Lung diseases like emphysema and pulmonary fibrosis are common among people with malfunctioning telomeres, the "caps" or ends of chromosomes. Now, researchers from Johns Hopkins say they have discovered what goes wrong and why.
Mary Armanios, M.D., an associate professor of oncology at the Johns Hopkins University School of Medicine., and her colleagues report that some stem cells vital to lung cell oxygenation undergo premature aging -- and stop dividing and proliferating -- when their telomeres are defective. The stem cells are those in the alveoli, the tiny air exchange sacs where blood takes up oxygen.
In studies of these isolated stem cells and in mice, Armanios' team discovered that dormant or senescent stem cells send out signals that recruit immune molecules to the lungs and cause the severe inflammation that is also a hallmark of emphysema and related lung diseases.

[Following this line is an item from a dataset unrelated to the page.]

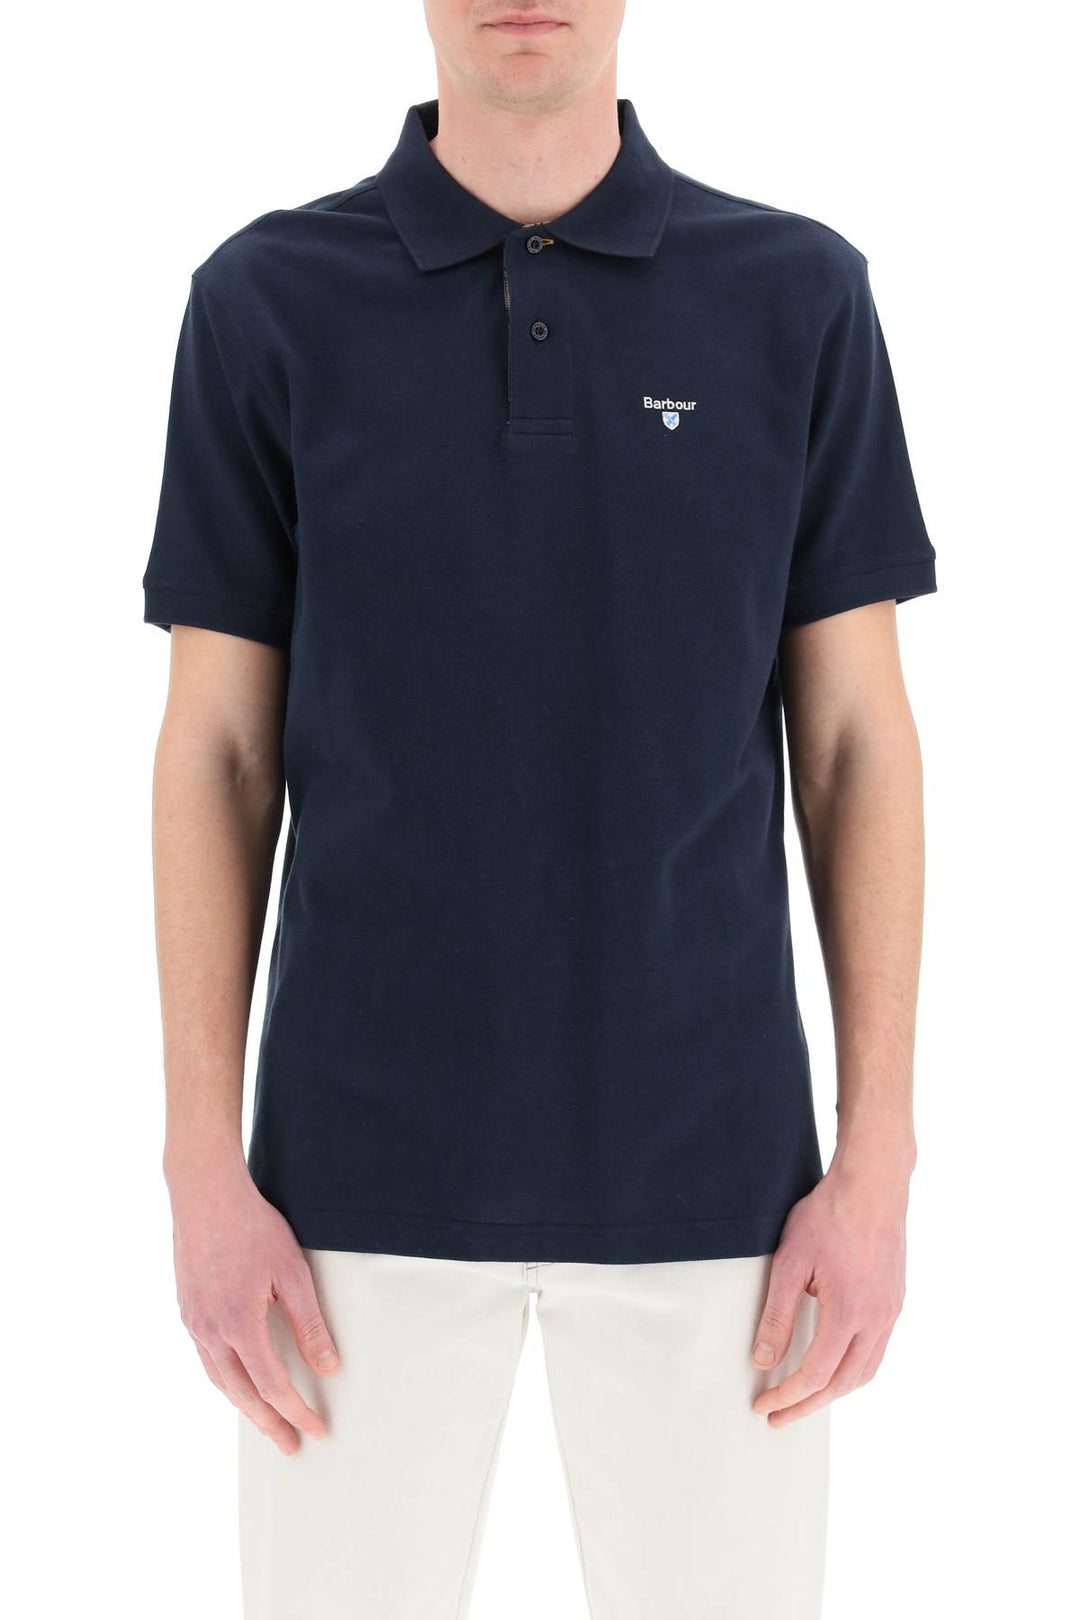 Barbour Tartan Trim Polo Shirt   Blu

Until now, Armanios says, researchers and clinicians have thought that "inflammation alone is what drives these lung diseases and have based therapy on anti-inflammatory drugs for the last 30 years."
But the new discoveries, reported March 30 in Proceedings of the National Academy of Sciences, suggest instead that "if it's premature aging of the stem cells driving this, nothing will really get better if you don't fix that problem," Armanios says.
Acknowledging that there are no current ways to treat or replace damaged lung stem cells, Armanios says that knowing the source of the problem can redirect research efforts. "It's a new challenge that begins with the questions of whether we take on the effort to fix this defect in the cells, or try to replace the cells," she adds.
Armanios and her team say their study also found that this telomere-driven defect leaves mice extremely vulnerable to anticancer drugs like bleomycin or busulfan that are toxic to the lungs. The drugs and infectious agents like viruses kill off the cells that line the lung's air sacs. In cases of telomere dysfunction, Armanios explains, the lung stem cells can't divide and replenish these destroyed cells.
When the researchers gave these drugs to 11 mice with the lung stem cell defect, all became severely ill and died within a month.
This finding could shed light on why "sometimes people with short telomeres may have no signs of pulmonary disease whatsoever, but when they're exposed to an acute infection or to certain drugs, they develop respiratory failure," says Armanios. "We don't think anyone has ever before linked this phenomenon to stem cell failure or senescence."
In their study, the researchers genetically engineered mice to have a telomere defect that impaired the telomeres in just the lung stem cells in the alveolar epithelium, the layer of cells that lines the air sacs. "In bone marrow or other compartments, when stem cells have short telomeres, or when they age, they just die out," Armanios says. "But we found that instead, these alveolar cells just linger in the senescent stage."
The stem cells stayed alive but were unable to divide and regenerate the epithelial lining in the air sacs. After two weeks, the senescent lung stem cells only generated five new epithelial structures per 5,000 stem cells, compared to an average of 425 structures from 5,000 healthy stem cells.
The researchers say they also hope to learn more about how mice with this telomere defect in lung stem cells respond to cigarette smoke. Other studies of patients with telomere defects, including one published last year by Armanios and her colleagues, suggest that telomere defects may be one of the more common predisposing factors to lung diseases, such as emphysema.
Further studies should help the scientists determine whether cigarette smoke causes lung disease in this setting because of stem cell failure, says Armanios.
Other scientists who contributed to the study include Jonathan K. Alder, Nathachit Limjunyawong, Susan E. Stanley, Frant Kembou and Wayne Mitzner from Johns Hopkins; Christina E. Barkauskas and Brigid L.M. Hogan from Duke University School of Medicine; and Rubin M. Tuder from the University of Colorado Denver.
Funding for the study was provided by the National Institutes of Health (K99 HL113105, K08 HL122521, PO1 CHL10342, RO1 HL119476), the Ellison Medical Foundation and the Flight Attendant Medical Research Institute.